What Makes A Nation?

Whenever I hear advocates for legitimizing illegal immigration, I have to remind people of Japan, South Korea and Israel. All of these countries were poor. Japan is a nation of few natural resources.

The Japanese people have always been afraid of poverty. So afraid in fact, that they developed a work ethic that is so intense and remarkable that it propelled them from a poverty stricken nation to a world power.

Japan was a world power before and during World I and World War II and they are an economic power today. When they were poor and struggling, what international agency helped them? What UN mandate? What foreign agency loaned them money during their rise from poverty to riches?

How many Japanese are illegal immigrants anywhere in the world? I'll tell you. The answers are none, none, none and no one. The Japanese people have earned everything they have. Even in America; few, if any, Japanese are in our prisons or on the welfare rolls. Even though they were horribly discriminated against in this country, they went to war as Americans and fought and died with honor. They are and always will be one of the greatest nation of people on this planet.

Let's turn to South Korea, another great nation of people. South Korea was decimated during the communist incursion into Southeast Asia. Yet, in less than 30 years, they have managed to use all the resources they could find to raise themselves from the bottom to an economic powerhouse. Like the Japanese, there are few, if any, South Koreans in American prisons or on welfare and none, to my knowledge, are here illegally.
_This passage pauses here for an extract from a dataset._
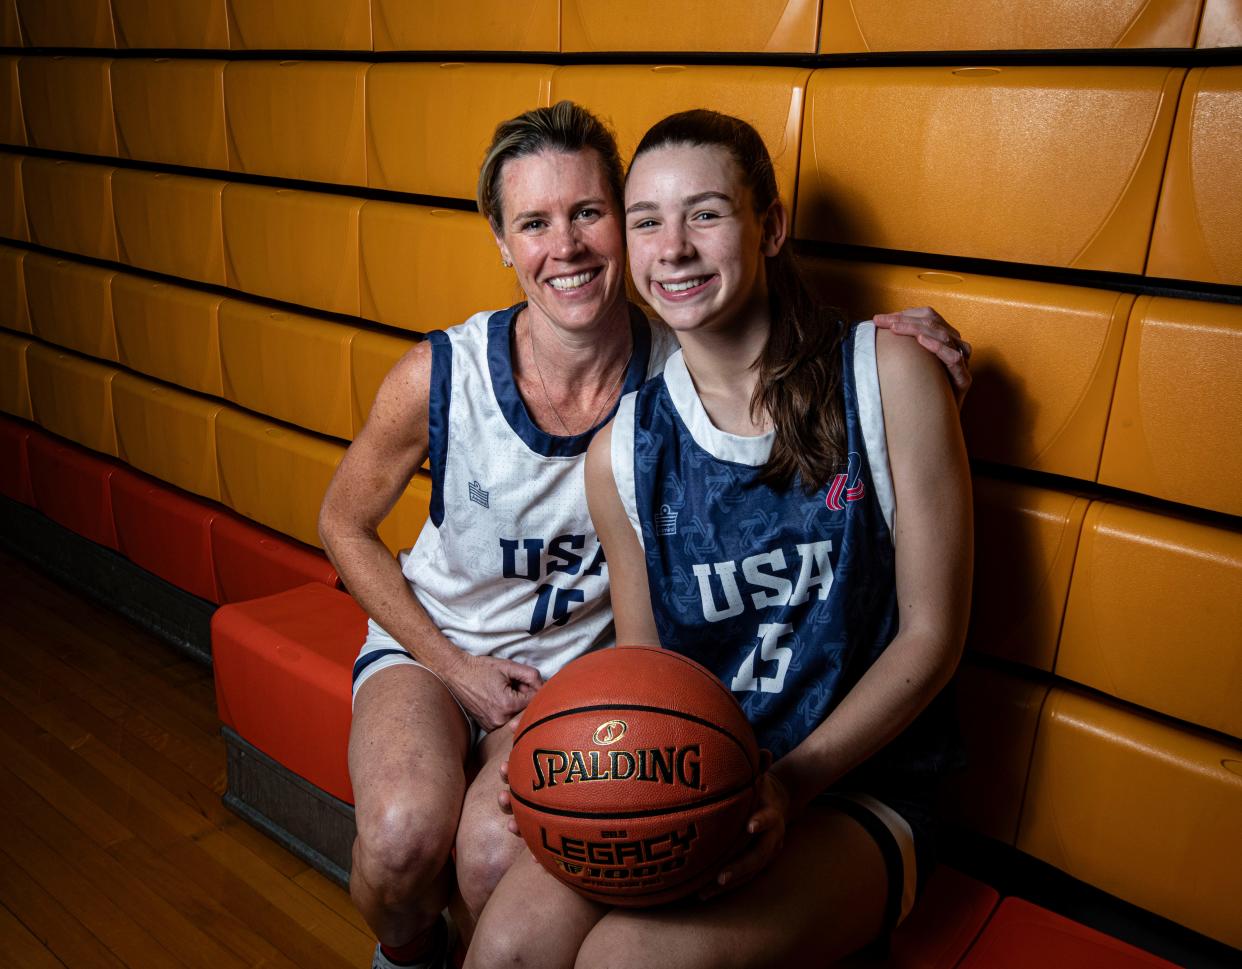 Carolyn Dorfman of Mamaroneck and her daughter Addison, 15, both won medals in basketball at the Maccabi Pan-Am Games in Argentina over the holidays. Carolyn played on the USA open team, and Addison played on the USA U18 team. When countries pulled out over security concerns, Addison's team was forced to play against adult teams, including playing against her mother. They were photographed at Mamaroneck High School Jan. 15, 2024.

What did these 2 former Third World nations, that are now first world, have in commom that is severely lacking in South America, Mexico and a host of other countries? The answer in 3 words is honest, dedicated, leadership. Their governments were not corrupt, ineffective and self-serving.

Their people were committed to each other and their national goals. They worked as a nation and not as individuals. All for one and one for all. When I hear Latinos talking about their countries, I always ask them, "What did your government do to make things better?" "What did the govern do to end government corruption and abuse at the highest level"? I rarely get a straight answer. What I always get is what happened during and after the Spanish occupation.

What makes America great is not our natural resources, its our people. What makes any country great are its people. If natural resources were the key to greatness, The Soviet Union would still be here and would be the greatest and most powerful nation on this earth. The Soviet Union failed and is now a distant memory. It's not religion. Muslims are some of the most religious people on this planet and to a nation, the oil rich nations excluded, they are surviving and, in most cases, just barely.

Then, there is Israel, another great nation of people. Israel is a tiny nation that is no more than a strip of land. It is surrounded by millions of hostile Arabs. Yet this small nation of people, whose ethnicity has caused them to be butchered by the millions, is one of the richest nations on this planet. the Israeli Defense Forces are among the world's elite and its air force rivals our own. They took a barren wasteland and turned it into an oasis.

I could talk about 100 countries where people are struggling and dying rather than coming together as a nation. The answer is always the same. What makes a nation great are its people and those they choose to govern them and lead them.